Saez. Damien Saez. Vous situez ? Pas forcément. Mais si, écoutez : "Encore un jour se lève sur la planète France / Et je sors doucement de mes rêves, je rentre dans la danse... Puisqu'on est jeune et con / Puisqu'ils sont vieux et fous / Puisque des hommes crèvent sous les ponts / Mais que ce monde s'en fout". Voilà, vous y êtes. Jeune et con, donc. Et aussi Sauvez cette étoile, deuxième hit en devenir. Ce jeune chanteur de 23 ans a tranquillement vendu quelque 60 000 exemplaires de son premier album Jours Etranges. Et ce n'est pas fini.
Gueule d'ange, limite boys band, et pourtant Saez se fait un devoir de ne pas mettre son physique en avant. Le cas relève plutôt du ténébreux romantique, sincèrement révolté, un brin poseur et provoc, déprimant mais pas pessimiste. Entre rock et ballades, naïveté et maturité, il est la preuve vivante que dans cette "jeunesse France", il n'y a pas que des "pions". "Je crois en effet que tout est possible. C'est un des avantages du monde dans lequel on vit. Il faut y croire, avoir du courage, se remettre en question, accepter de se prendre des baffes..."
Reprenons.
Jeunesse modeste et sage à Dijon. Bac et conservatoire de piano. Satisfait de sa formation musicale ? "Oui et non. Oui, car c'est la musique dans toute sa complexité, un apprentissage énorme, des dons qui se dévoilent par rapport à l'oreille. Il s'agit d'une réelle étude. Quelque part, ce sont des mathématiques en musique, avec le caractère émotionnel en plus. Et non, parce que l'on étudie des génies mais on ne laisse pas de place à l'identité de chacun. On comprend que l'on ne sera jamais à leur hauteur." Résultat ? Départ pour Paris après le lycée.

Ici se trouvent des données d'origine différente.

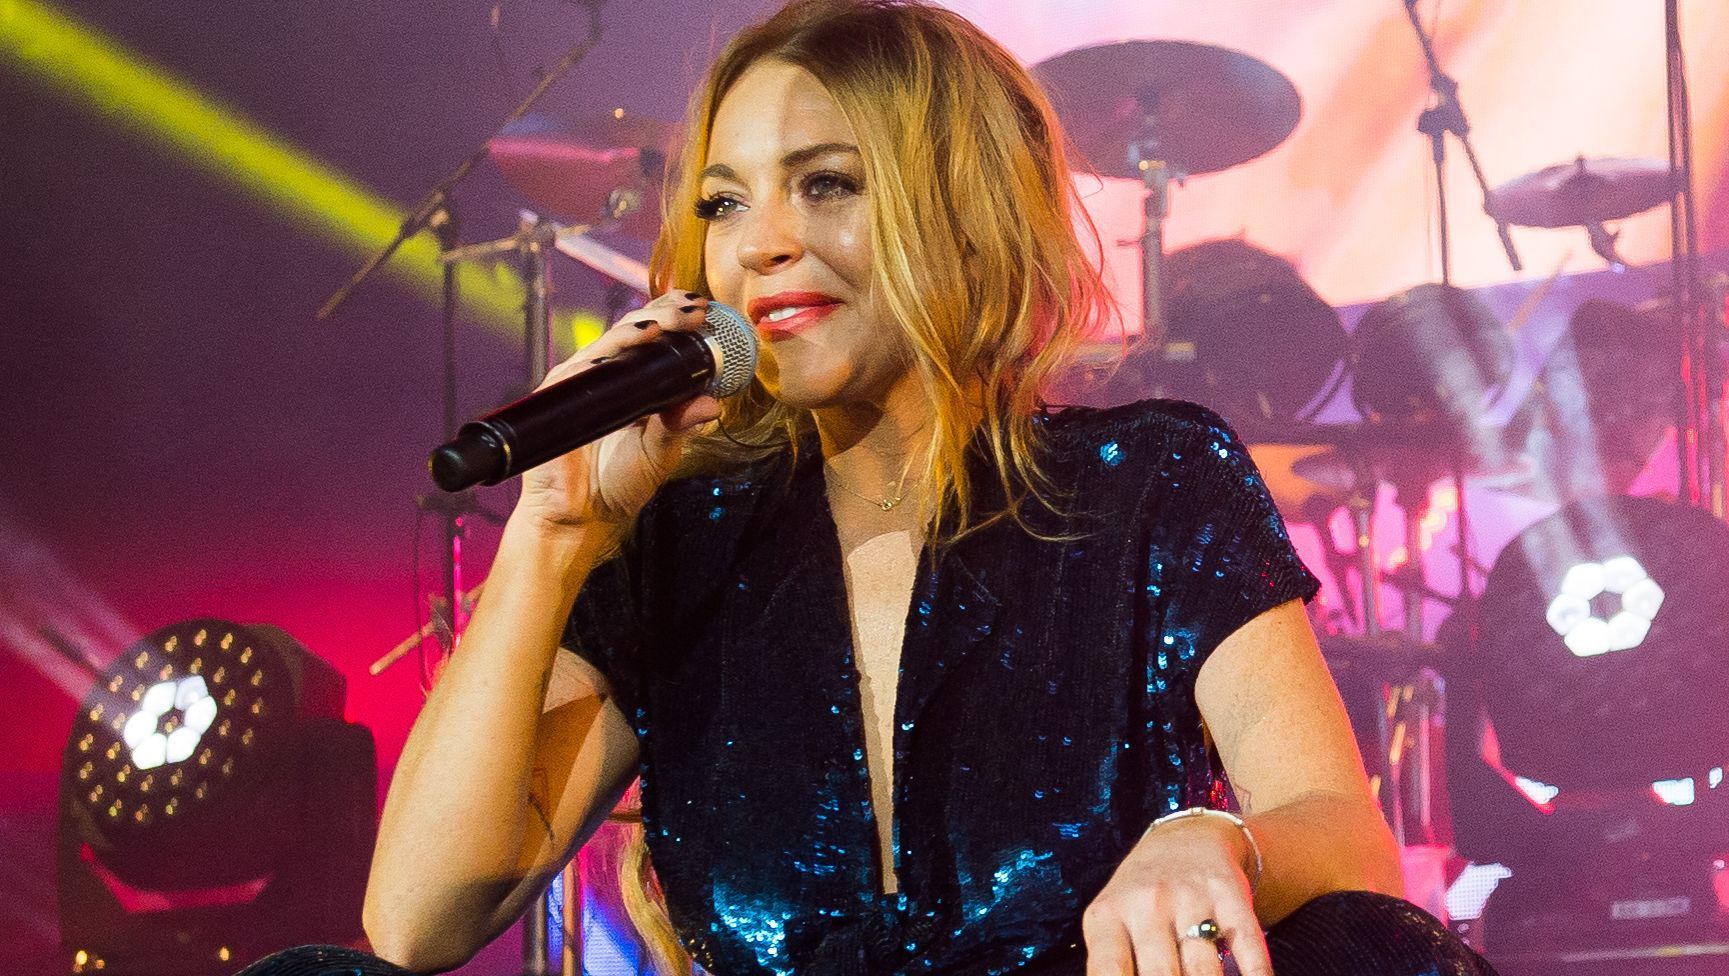 Lindsay Lohan Drops Music Video For New Song 'Xanax'

A-t-il à un moment précis choisi ce métier ? "Je répondais en disant que c'était ce que je voulais faire. Il y avait beaucoup de musique à la maison, c'était un peu mon compagnon de voyage à travers les années, une sorte de prédestination. J'écoutais plutôt du rock et du jazz alors que je jouais du classique : ça m'a donné une ouverture d'esprit." Parmi ses autres influences artistiques, Zola, Baudelaire et Rimbaud. Sa conscience sociale, il dit la devoir à sa sensibilité. "Ne pas accepter. Etre trop ému pour se taire. Ne pas être blasé." Rencontrer "le Moyen Age à chaque coin de rue" n'en finit pas de l'écœurer. Jusque là, il a choisi les mots pour lutter. En espérant avoir un jour le courage de dépasser ce stade.
Peut-on parler de compassion ? Le jeune homme aurait tendance à rejeter le caractère chrétien de ce mot. Pourtant ses textes ne manquent pas d'anges, de ciels, d'étoiles... Une de ses chansons s'intitule même Hallelujah ; une autre Montée là-haut. Il préfère explorer d'autres pistes de réponses : "Je n'arrive pas à me contenter de l'introspection. C'est trop nombriliste." Mais revient sur la question de la religion : "La seule chose que je respecte, c'est la faculté de croire des gens. Ca leur donne une réponse à la mort et c'est déjà pas mal. S'en tenir aux raisonnements scientifiques pour répondre à la mort n'est pas très gai." La mort lui fait peur. Comme une angoisse lourde, d'autant plus terrifiante qu'il n'y a jamais été confronté.
Au cœur de ses textes, encore, la drogue ou le constat que les jeunes ne sont pas heureux. "Comment peut-on être heureux devant un écran d'ordinateur ? Je trouve ça bête et dommage. C'est une télé améliorée. Il y a trop de temps perdu. Il faut un peu de vie." Il trouve pourtant normal que la jeunesse se reconnaisse dans ses textes. Il parle d'eux tout simplement. Mais au fait, et l'amour dans tout ça ? "Je ne sais pas. L'amour est individuel. De toute façon, je ne l'ai jamais rencontré, mais ça ne me traumatise pas."